The rally Saturday was attended by hundreds of people and many lawmakers from the pro-Kurdish People’s Democracy Party, or HDP. Several Twitter accounts were tweeting Sunday threads of photos of those who lost their lives.
So far the government says that autopsies have identified at least two suicide bombers. Despite the presence of many Kurds at the rally, Turkish Prime Minister Ahmet Davutoglu said the Kurdish movement Kurdistan’s Workers’ Party, or PKK, could be behind the attacks.
Turkey and the PKK have resumed fighting after the government launched an operation against the group back in July, ending a two-year ceasefire.

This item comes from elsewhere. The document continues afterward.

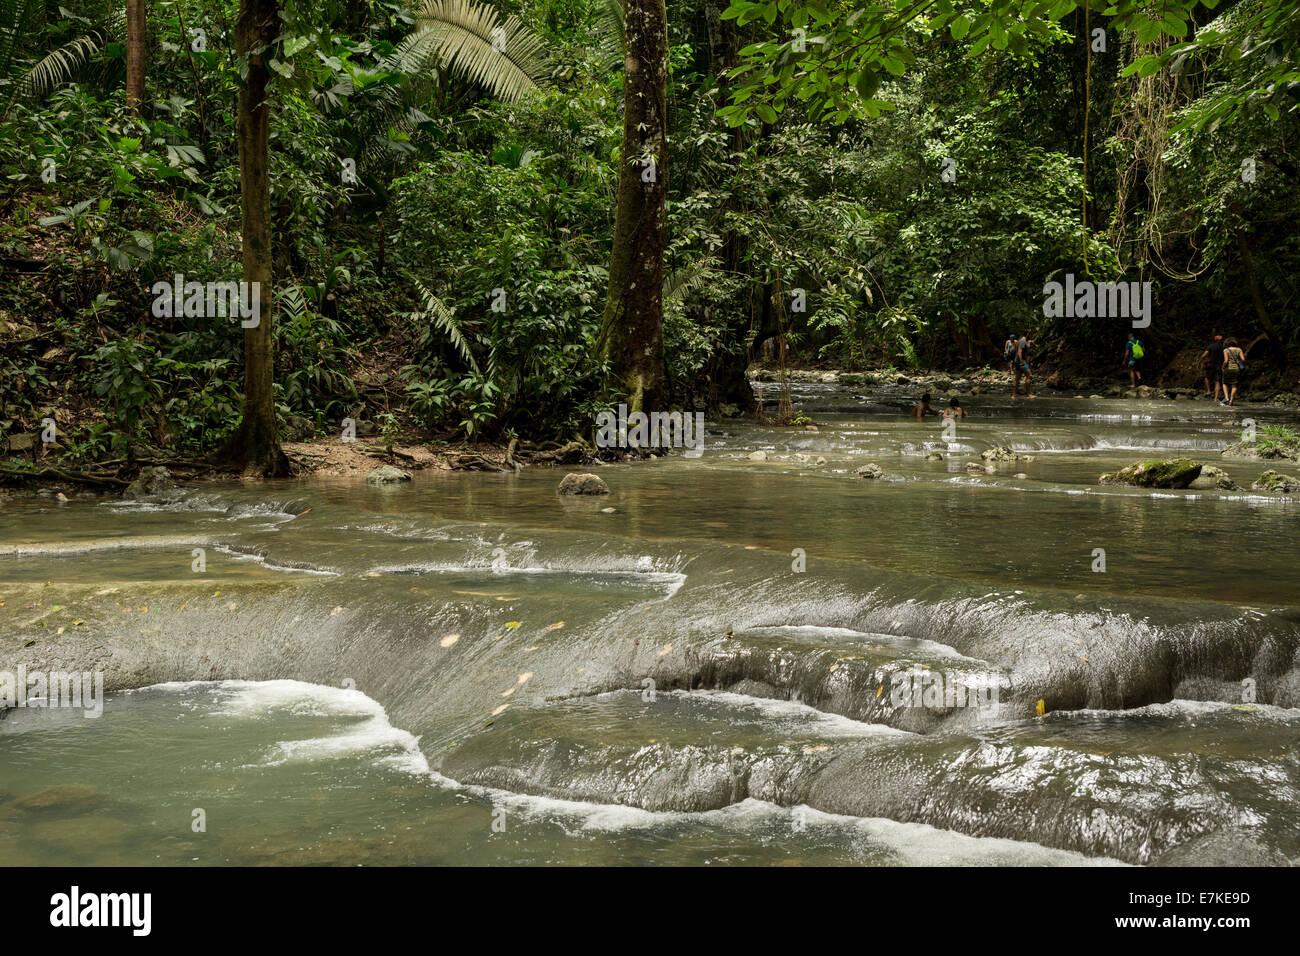 Los Siete Altares waterfall, Paraje Quehueche, Lívingston Guatemala - Stock Image
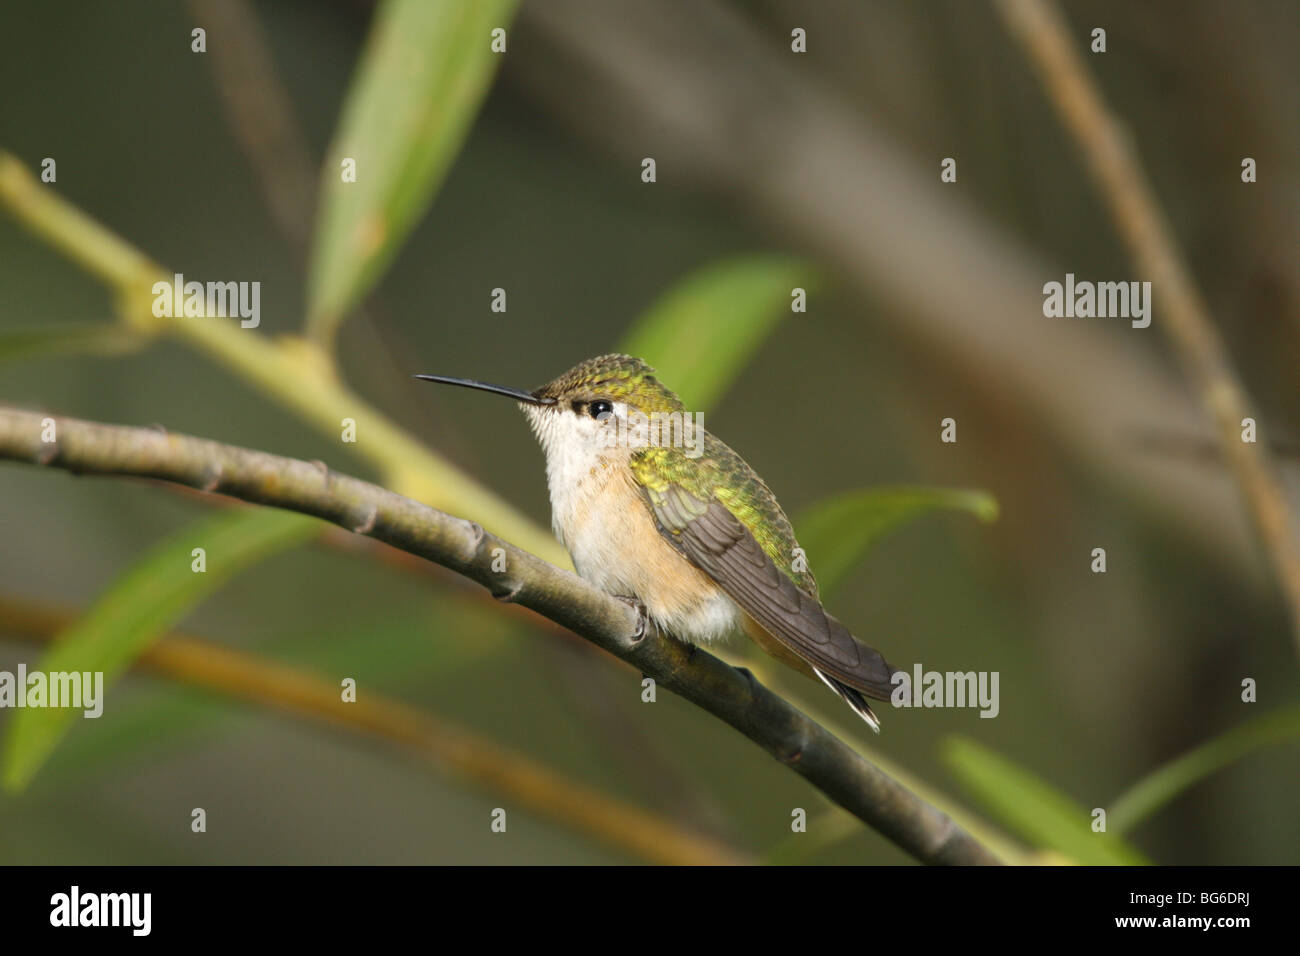 The smallest hummingbird in North America, a female Calliope Hummingbird perches on a branch near a hummingbird - Stock Image

The biggest terror attack in Turkey’s history comes a few weeks before the general election in November 1. A government official said Sunday that postponing the elections because of the attack was not on the table or an option at all.
The HDP, a major presence at Saturday’s march, said Sunday that police attacked its leaders and members as they tried to leave carnations earlier at the scene of the bombing. Some were hurt in the melee, it said in a statement.
Some have suggested militant nationalists, who oppose any agreement with the Kurds or granting them minority rights in Turkey, might have been behind the attacks. Meanwhile, Turkish investigators were working on identifying the party responsible for the attacks.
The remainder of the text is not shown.